PM includes a mixture of solid and liquid particles suspended in air, and these particles can vary in size, shape, and chemical composition. Particles that are less than 10 μm in diameter (PM₁₀ and PM_2.5) are of major concern, because they are inhalable, thereby impacting the heart and lungs, and are associated with respiratory diseases, including asthma, chronic bronchitis, and acute bronchitis. Indoor PM is more harmful to special populations, such as the elderly, children, and pregnant women. Indoor PM originates mainly from combustion activities and the regular wearing of household furniture. It also is derived from outdoor sources, including dust particles. PM can be enriched with inorganic and organic contaminants, including toxic heavy metals and carcinogenic, volatile organic compounds. To reduce exposure to indoor PM and its adverse health impacts, the government and industry should formulate detailed and uniform indoor PM control standards based on abundant research. From a practical point of view, indoor air-purifier technologies involving electrostatic precipitation and filtration, as well as natural ventilation, are most commonly adopted to control concentrations of indoor PM. Additionally, regular indoor cleaning and suitable interior decoration, such as house plants and air purifiers, also significantly influence indoor air quality and reduce indoor PM.

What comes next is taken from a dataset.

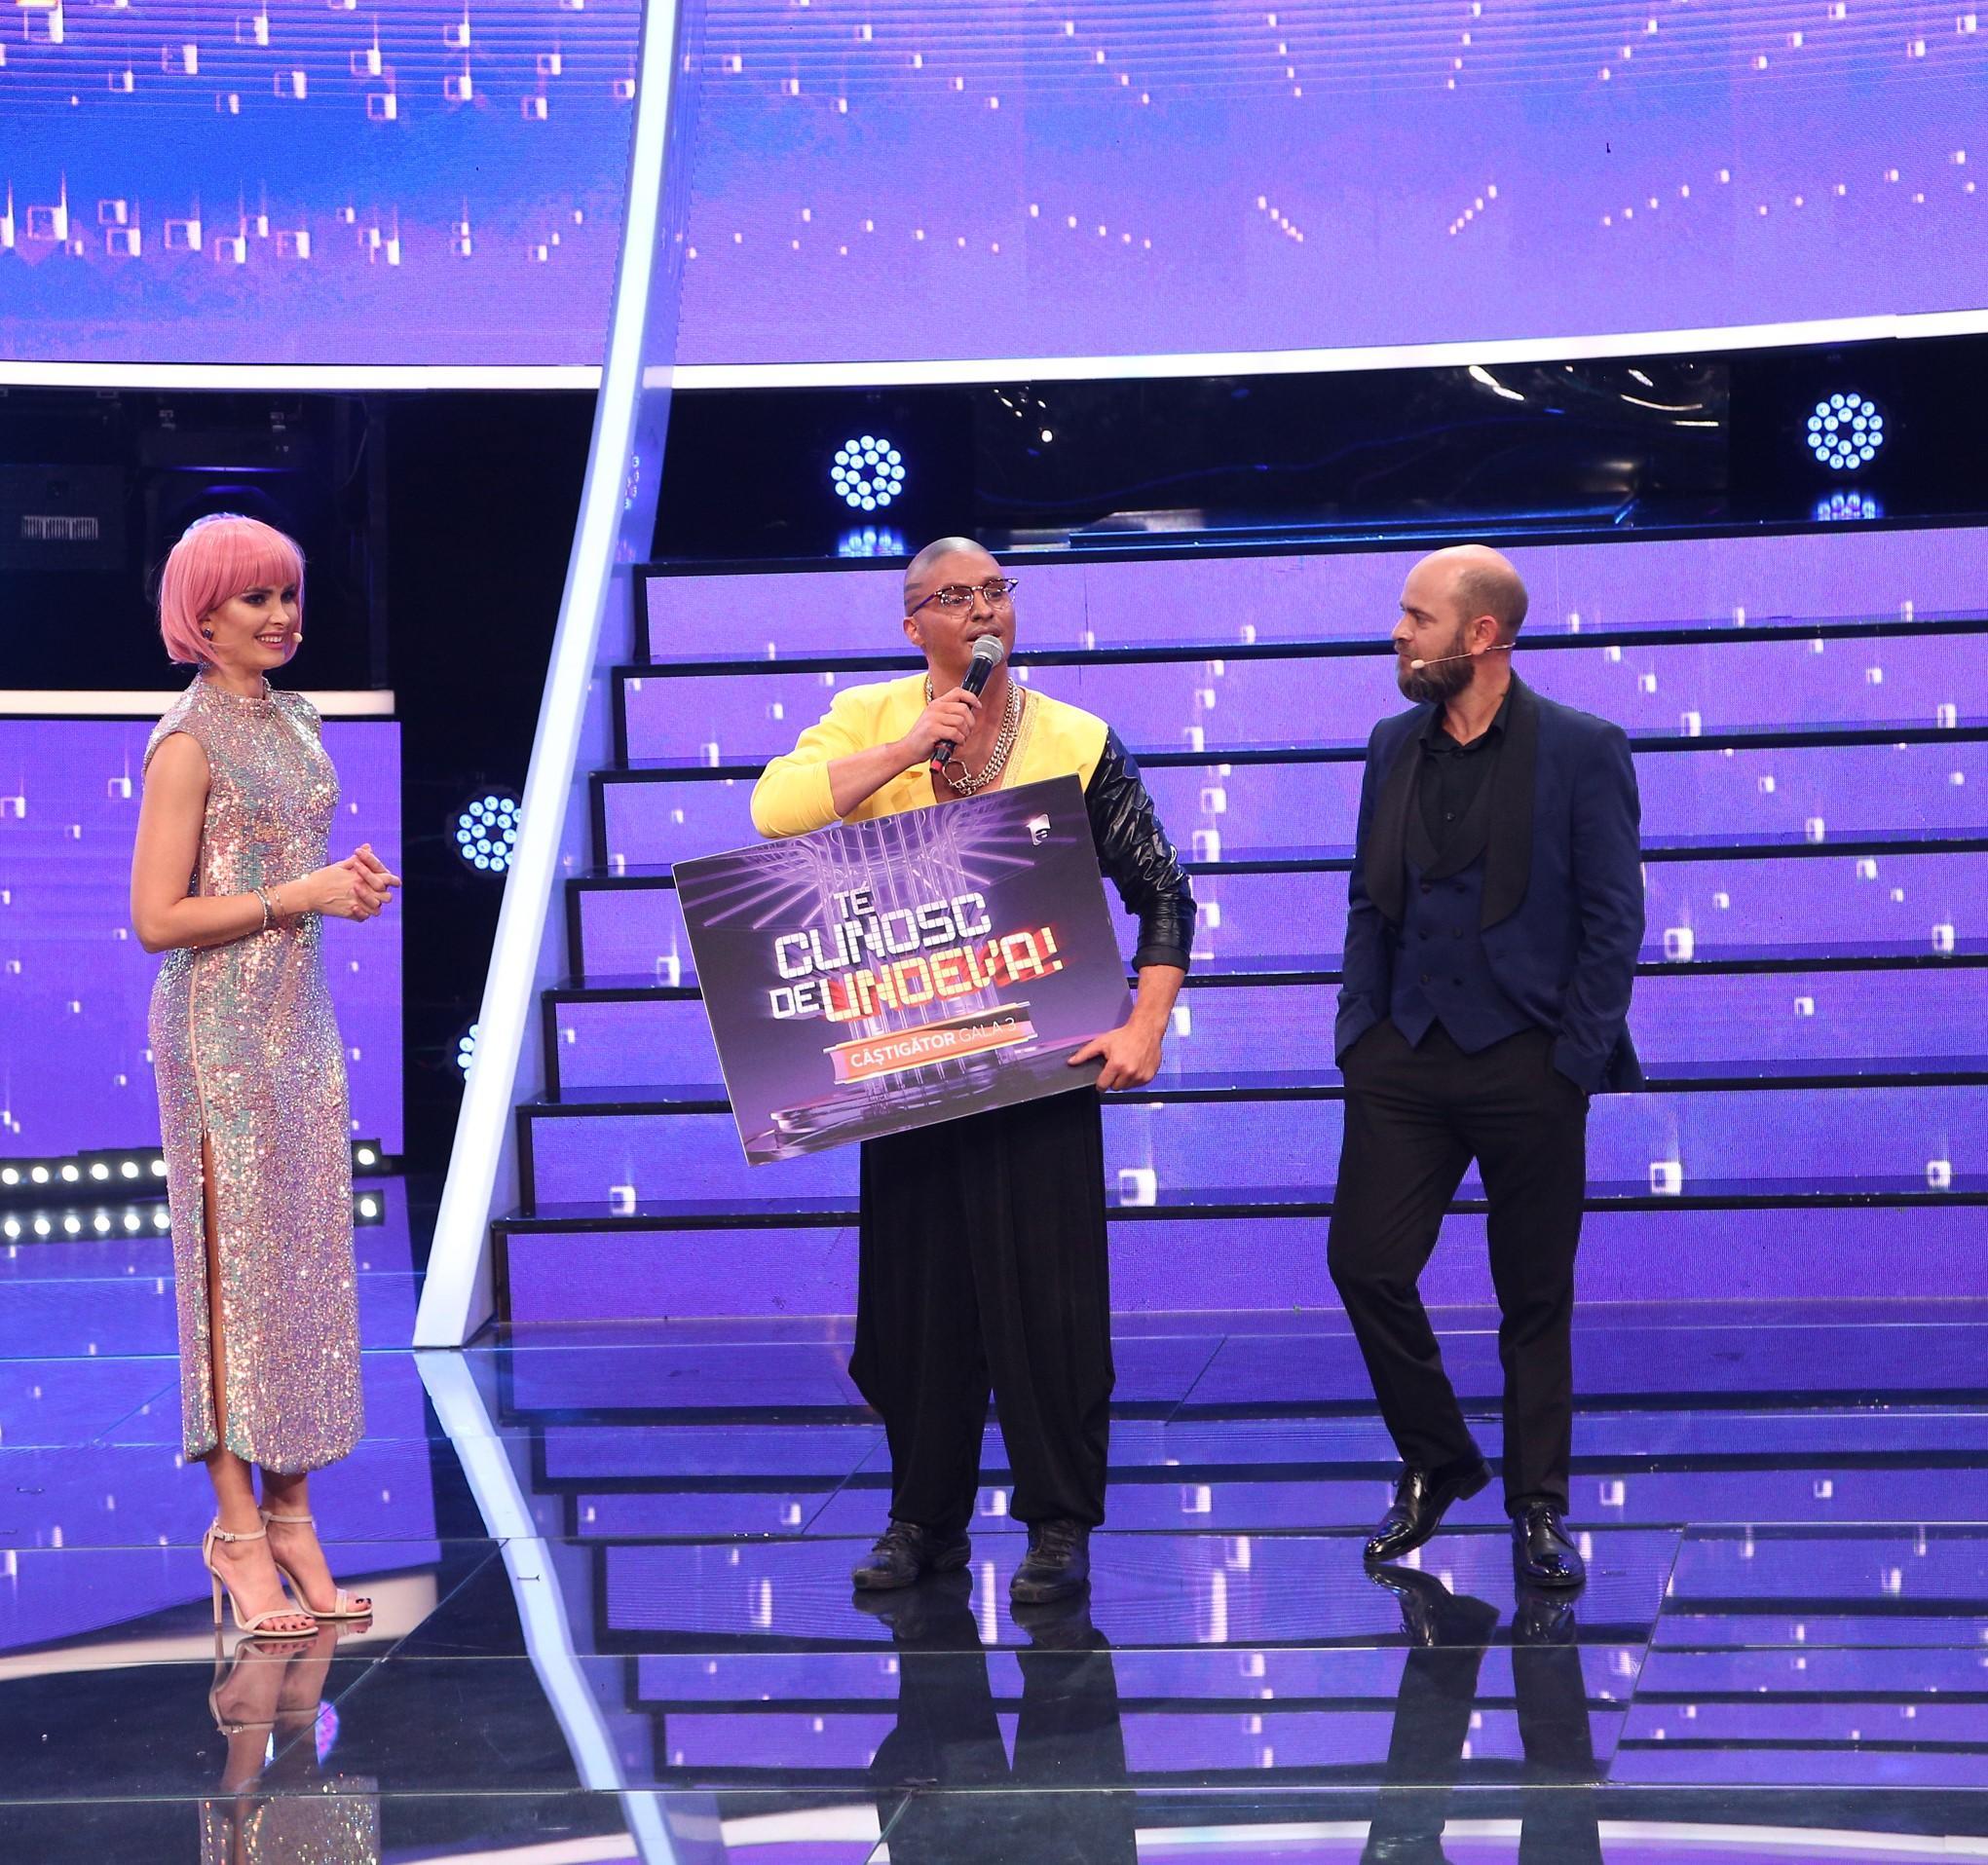 Pepe cu cecul in mana, vorbeste la microfon, iar pe langa el se află Alina Pușcș și Cosmin Seleși
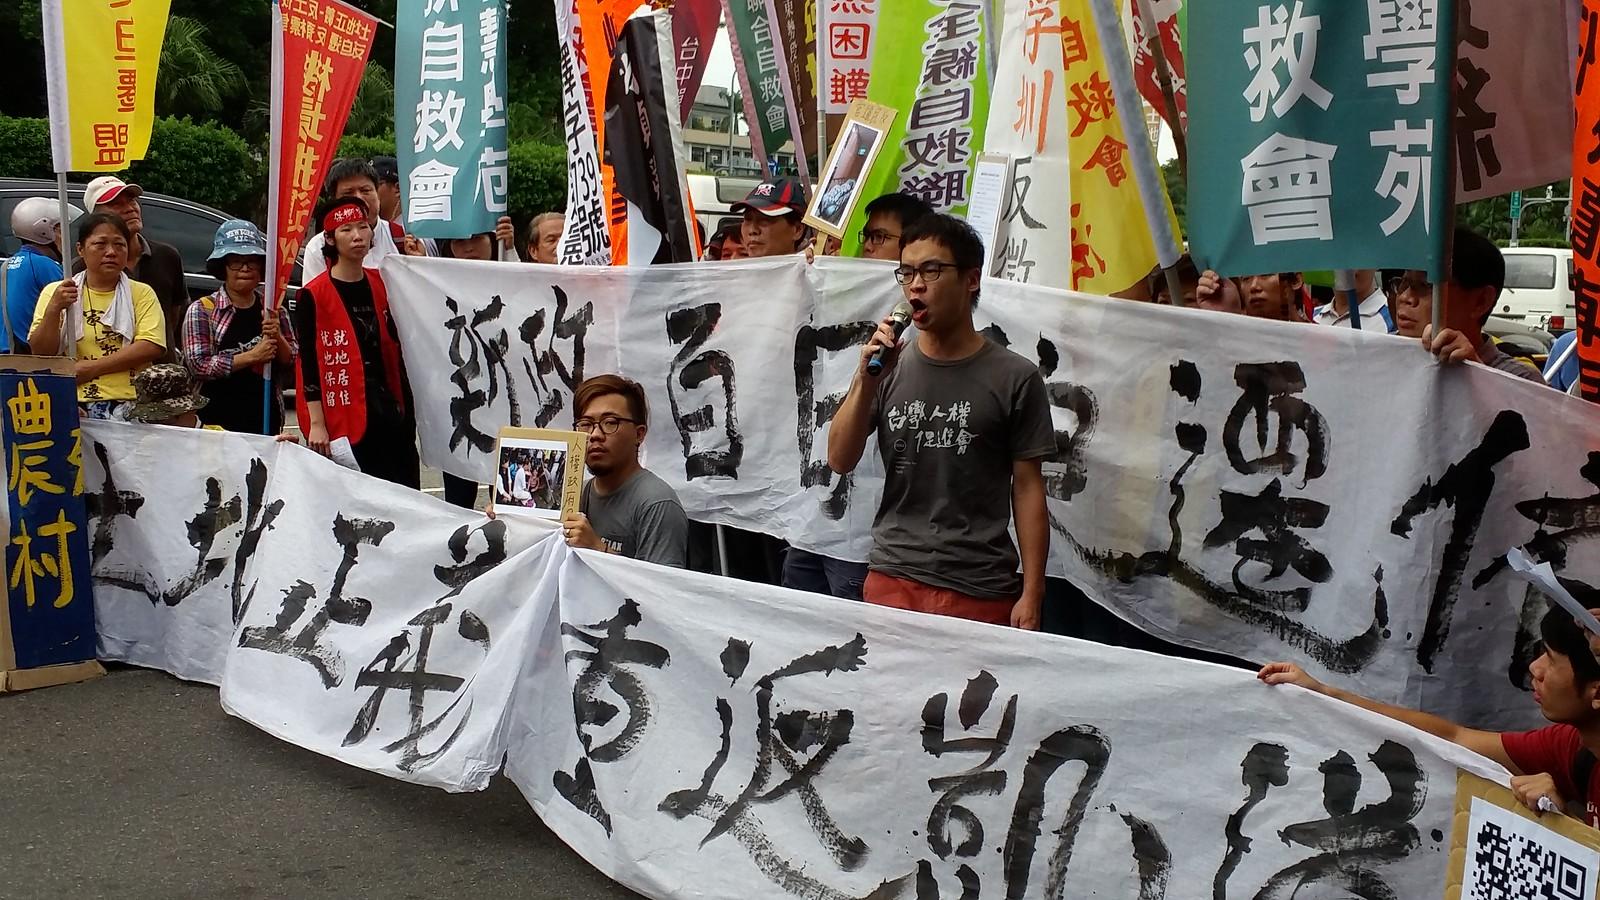 台灣人權促進會居住權專員林彥彤憤怒地質問,現在各地政府執行的迫遷案「有公共利益可言嗎?」(攝影:張智琦)

Given the current knowledge about the sources, distribution, pathways, characteristics, and health effects of indoor PM, the following research areas should be pursued:

• Development and adoption of advanced technologies, such as the tapered element oscillating microbalance (TEOM), X-ray fluorescence (XRF), and inductively coupled plasma mass spectrometry (ICP-MS), to quantify and fingerprint sources of indoor PM.
• Characterization and monitoring of bioaccessibility of inorganic and organic contaminants in indoor PM.
• Studies on mucosal interactions of indoor PM and associated contaminants concerning their toxicity.
• Development and evaluation of advanced PM removal technologies involving electrostatic precipitation to mitigate the health impacts of indoor PM.
• As soon as possible, the government and industry should formulate detailed and uniform indoor PM control standards, based on many investigations.